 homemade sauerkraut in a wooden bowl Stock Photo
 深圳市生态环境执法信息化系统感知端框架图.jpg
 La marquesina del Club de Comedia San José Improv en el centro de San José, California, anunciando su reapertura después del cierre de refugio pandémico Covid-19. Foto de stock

...

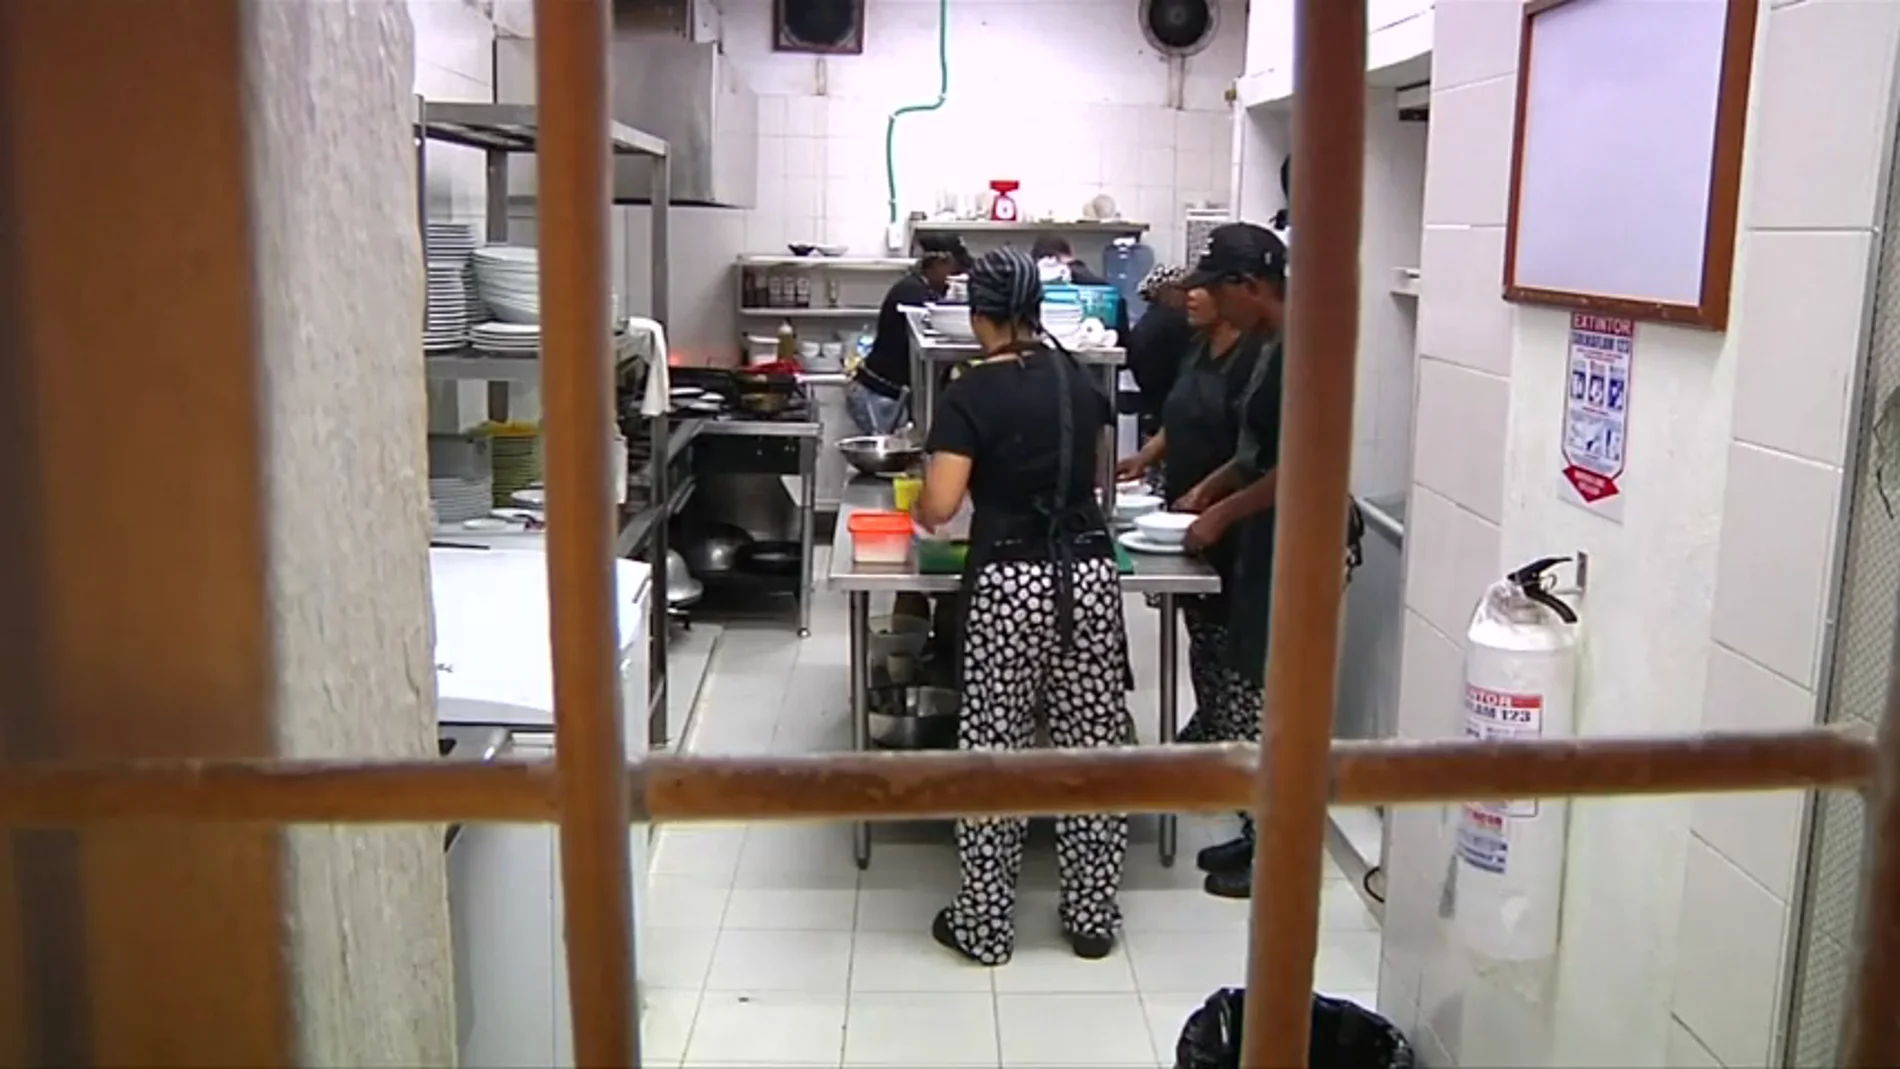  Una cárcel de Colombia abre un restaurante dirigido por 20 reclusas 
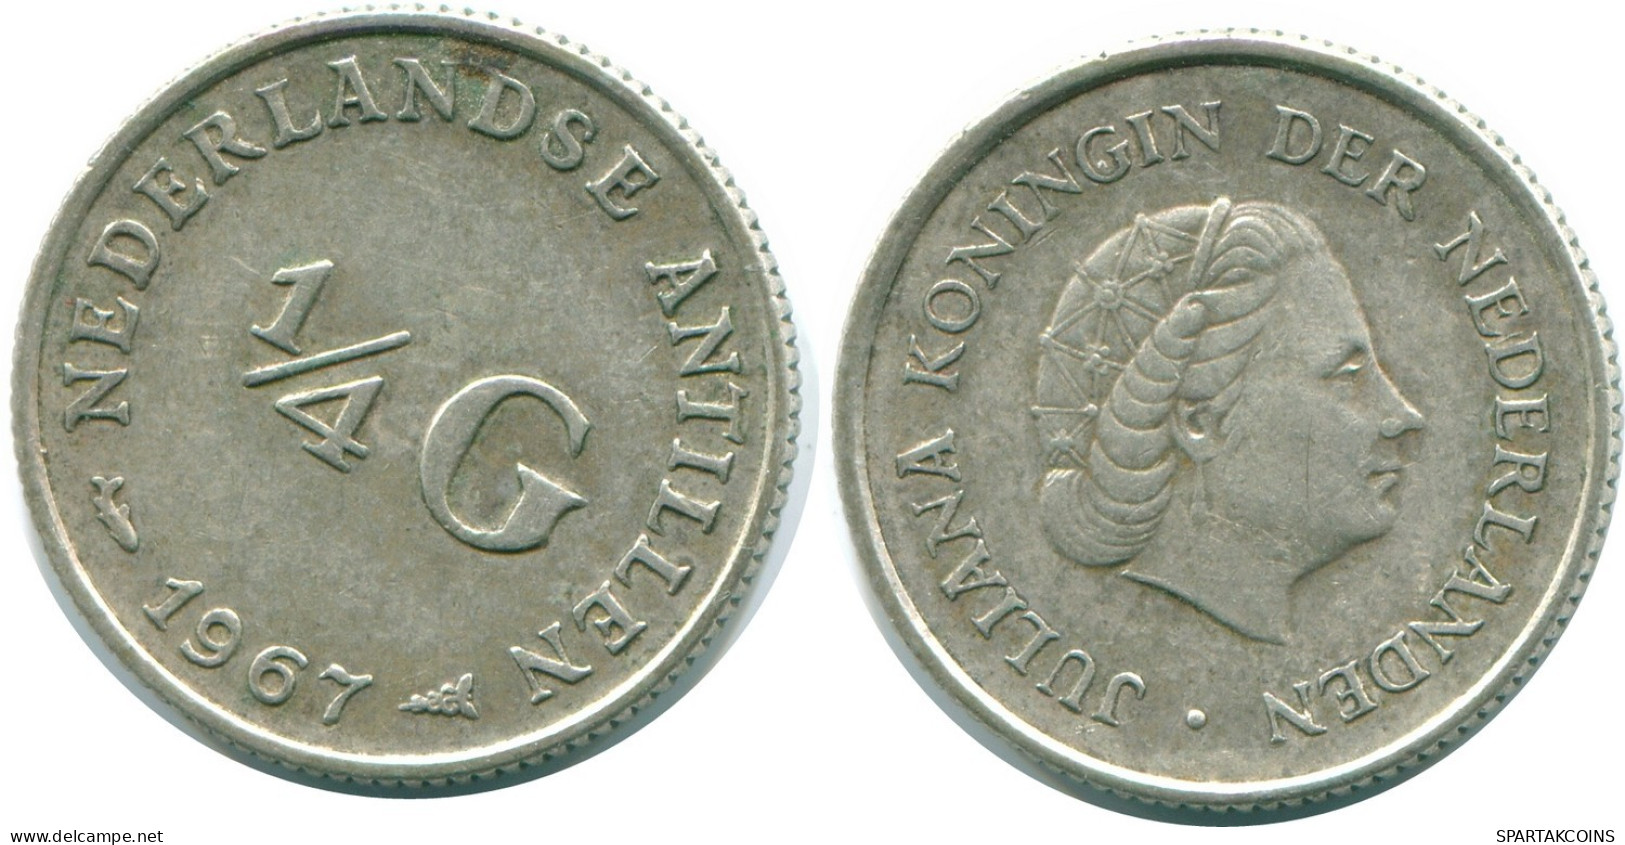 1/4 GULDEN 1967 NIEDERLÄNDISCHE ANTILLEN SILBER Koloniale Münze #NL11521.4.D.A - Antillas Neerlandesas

__WHAT THE TASK REQUIRES__: The lines above, starting at the one with "homemade sauerkraut in" and ending at the one with "La marquesina del", are the only ones to return, exactly as written.

__RESPONSE AREA__:
 homemade sauerkraut in a wooden bowl Stock Photo
 深圳市生态环境执法信息化系统感知端框架图.jpg
 La marquesina del Club de Comedia San José Improv en el centro de San José, California, anunciando su reapertura después del cierre de refugio pandémico Covid-19. Foto de stock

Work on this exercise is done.